After the Uri and Pulwama attacks, they promised the nation that “blood and water cannot flow together,” referring to the Indus Waters Treaty. They suspended bilateral cricket ties with Pakistan years ago, citing terror as the reason. Where, then, is the consistency? Where is the muscular nationalism that was supposedly the hallmark of Prime Minister Narendra Modi’s India? The participation in the Asian Cup is especially hurtful because it is not some minnow in world cricket, forced to bow to tournament rules out of weakness (though even if that were the situation, non-participation would have been an honourable exit). India is the superpower of the cricketing world. The BCCI is the richest, most influential cricketing board on the planet. Without India’s participation, both the ICC and the ACC would collapse. Broadcasters, sponsors, and advertisers all know this. It is Indian eyeballs that drive revenues, the country’s fans who turn games into global spectacles, and our money that sustains the cricketing economy. If India had taken a principled stand, refused to play Pakistan and demanded that the world isolate the terrorist state, the cricketing establishment would have had no option but to listen. Instead, India meekly played along, proving once again that when commercial interests clash with national honour, it is the latter that gets sacrificed.

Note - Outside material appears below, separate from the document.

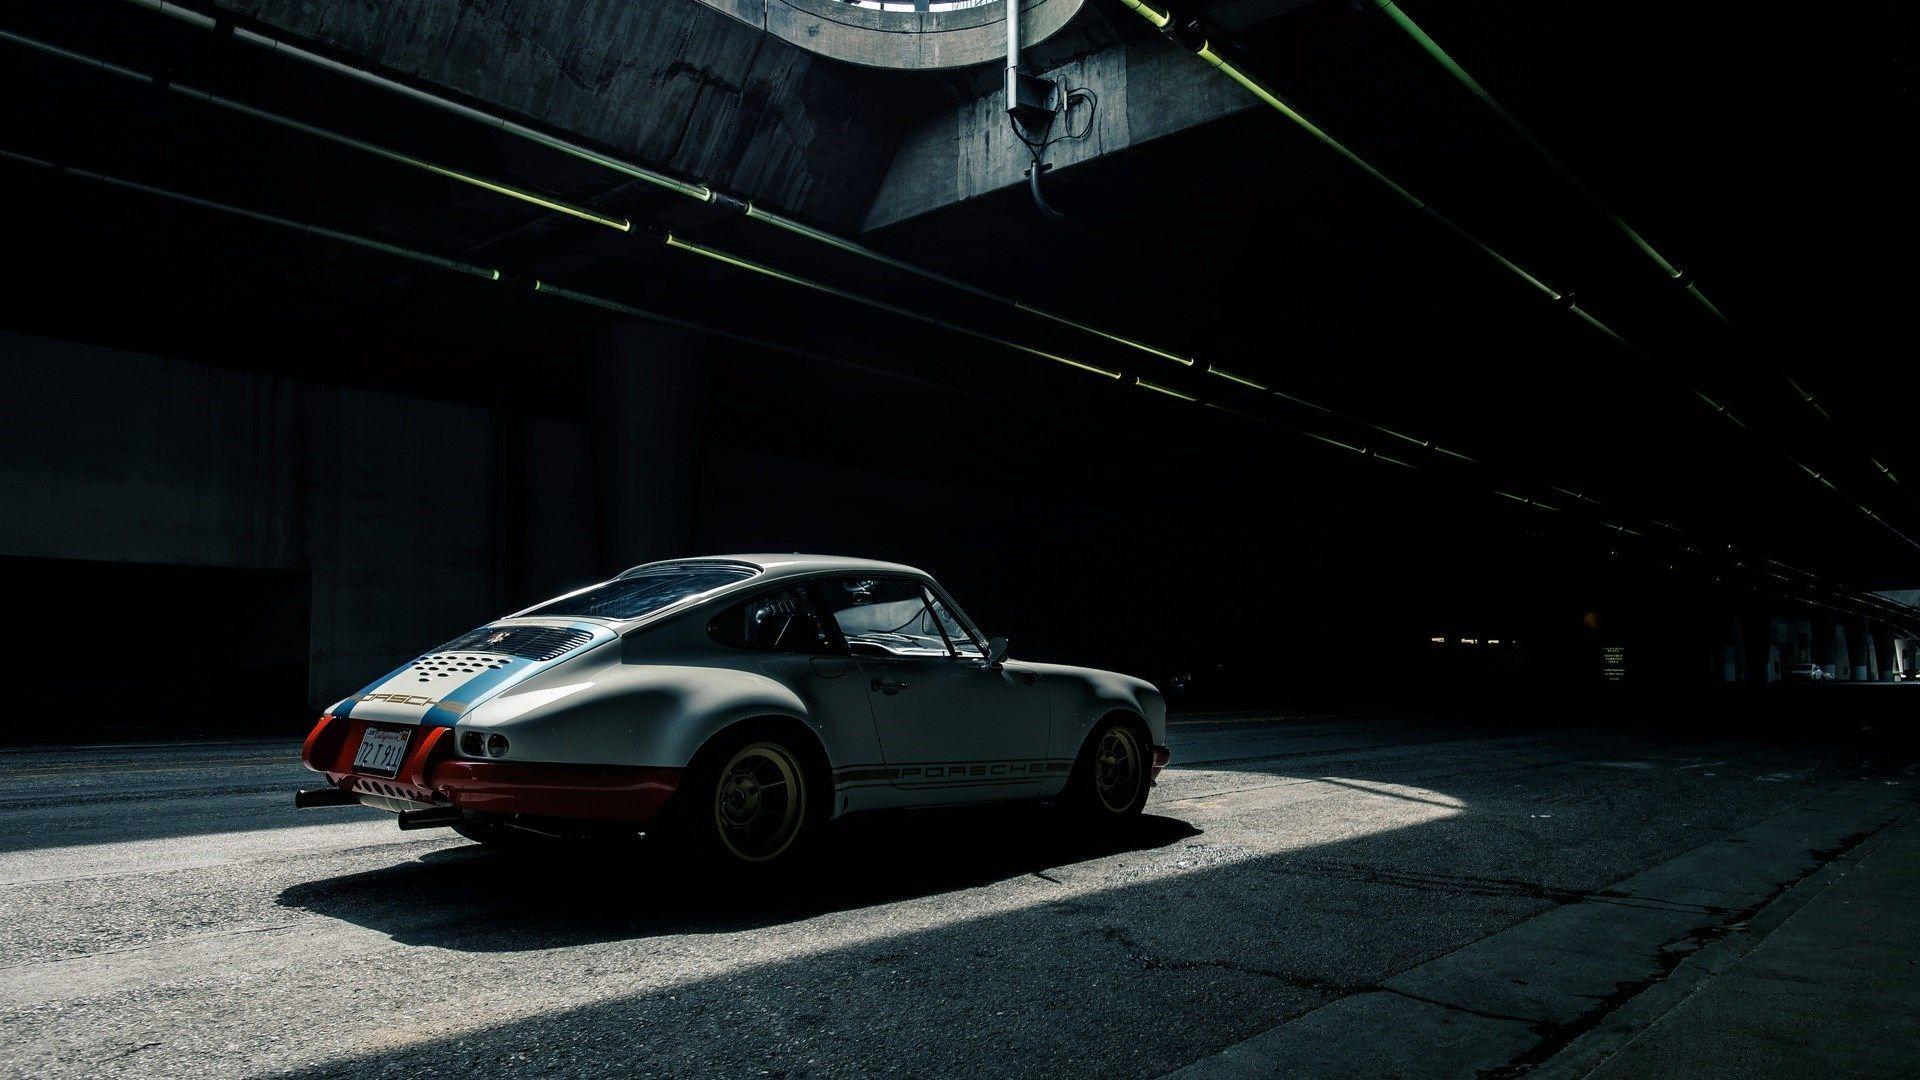 Porsche 911 Wallpaper 11   1920 X 1080 stmednet 1920x1080

By participation in such tournaments, India lends Pakistan exactly what it craves for: legitimacy. Cricket is not just a sport in the subcontinent; it is a vehicle of soft power, a showcase of national identity. For Pakistan, whose image in the world is scarred by extremism, political instability, and economic collapse, a match against India is more than a game—it is a statement that they remain part of the club, that despite their sponsorship of terror, they can still sit across the table from India on the cricket field. Why should we grant them this legitimacy? Why should we, of all nations, provide them with the oxygen of relevance? The Indian government and the BJP had a chance to demonstrate that they stand firm against terrorism in every sphere, even the glamorous world of cricket. Instead, both chose the easy way out, exposing the gap between rhetoric and reality.